The cog railway starts in a place called Alpnachstad, so we had to take another train from Luzern. Our ticket said platform 14. Twelve minutes before the departure time, we saw a train parked at our platform. Assuming that it was the one, we got on.
My dad needed to use a bathroom. The ones on the train were all full, so he got off to use the station bathrooms instead. No problem, there were 12 minutes left.
One minute later, the train started moving! Oh no! We quickly realized that we were on the 1:01 PM train, not the 1:13 PM one. This train was, for a few stops, heading towards Alpnachstad, but turning off before that stop. Our general rule on this trip was: if we get separated, we return to the last place we saw each other. That was platform 14 of the Luzern station. We got off our wrong train at the first stop and took the next train back to Luzern. Oh, shoot! Daddy’s not there! We had all of the stuff, money, train tickets, phones, everything. We couldn’t contact him, as he had no phone. Still, we sent an email to his account in case he somehow checked it.
After a while, we finally came to the conclusion that he must have gotten on the right train and was now at Alpnachstad. But we were afraid that if we went there, he would come back to Luzern, and so on. We didn’t budge from platform 14.

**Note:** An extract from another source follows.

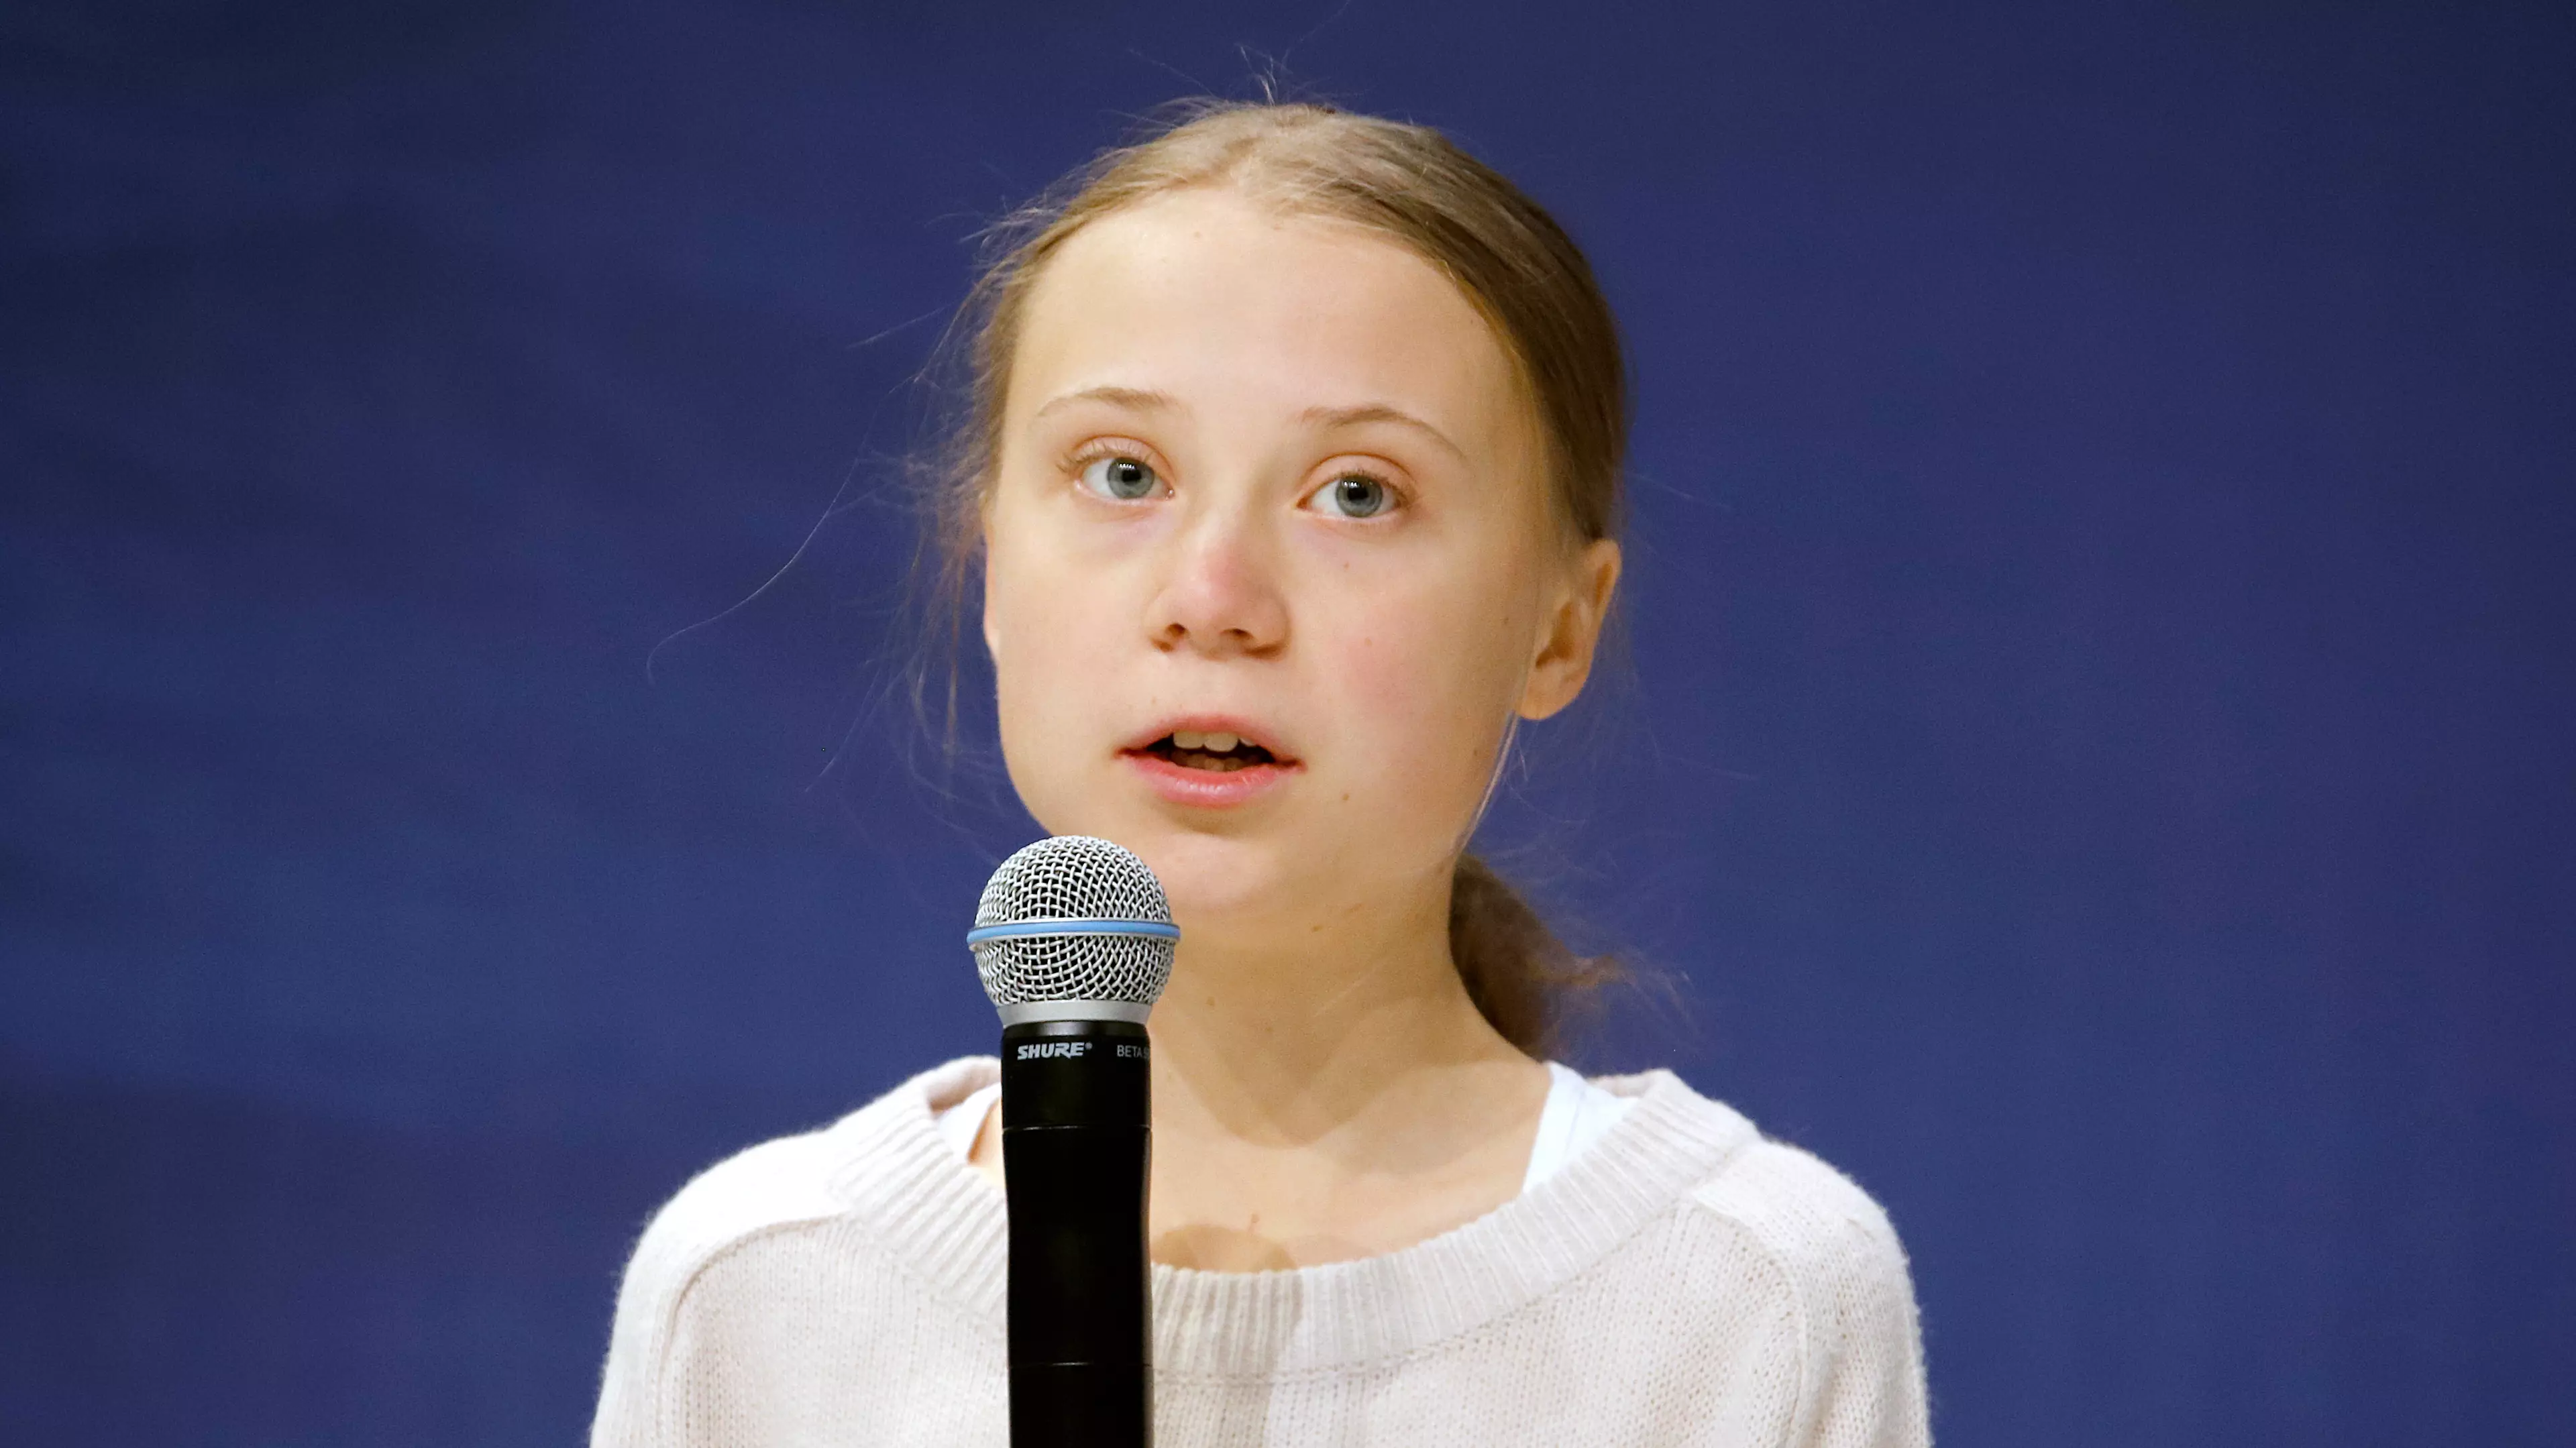 Documentary About Greta Thunberg Will Be Released Next Year

Meanwhile, my dad was waiting at Alpnachstad. He was so hungry, and had 1,85 Swiss Franks in his pocket, enough to buy a Bounty bar, but not a Mars bar. When he borrowed a computer to check his email, he saw ours in his inbox. He responded with “come to Alpnachstad – I’m not going back to Luzern – this is where the cog railway starts!”. Finally, we were on the train to meet him.
It was a guessing game. He assumed that we would assume that he had gotten on the right train. We were playing by the rules. Also, we didn’t think that he would get on a train without a ticket! That separation delayed our day by about 2 hours. But that was water under the bridge, once we ate our much needed lunch!

OK, let’s do what we came here to do: go up the Pilatus mountain on the cog railway. A cog railway is different than a usual train, though. It’s specially made to go up very steep slopes. Instead of the power going to the train wheels, like a normal train, the power goes to a big wheel with teeth in the center of the train. The teeth interlock with teeth in the track, and that’s how it goes up.
The Pilatus cog railway is the steepest train in the world! At its steepest, it’s 48% inclination. The train is built “diagonally”, because it only services this mountain! The track is 4,6 km long, and, amazingly it was first opened in 1889, using steam power! Wow!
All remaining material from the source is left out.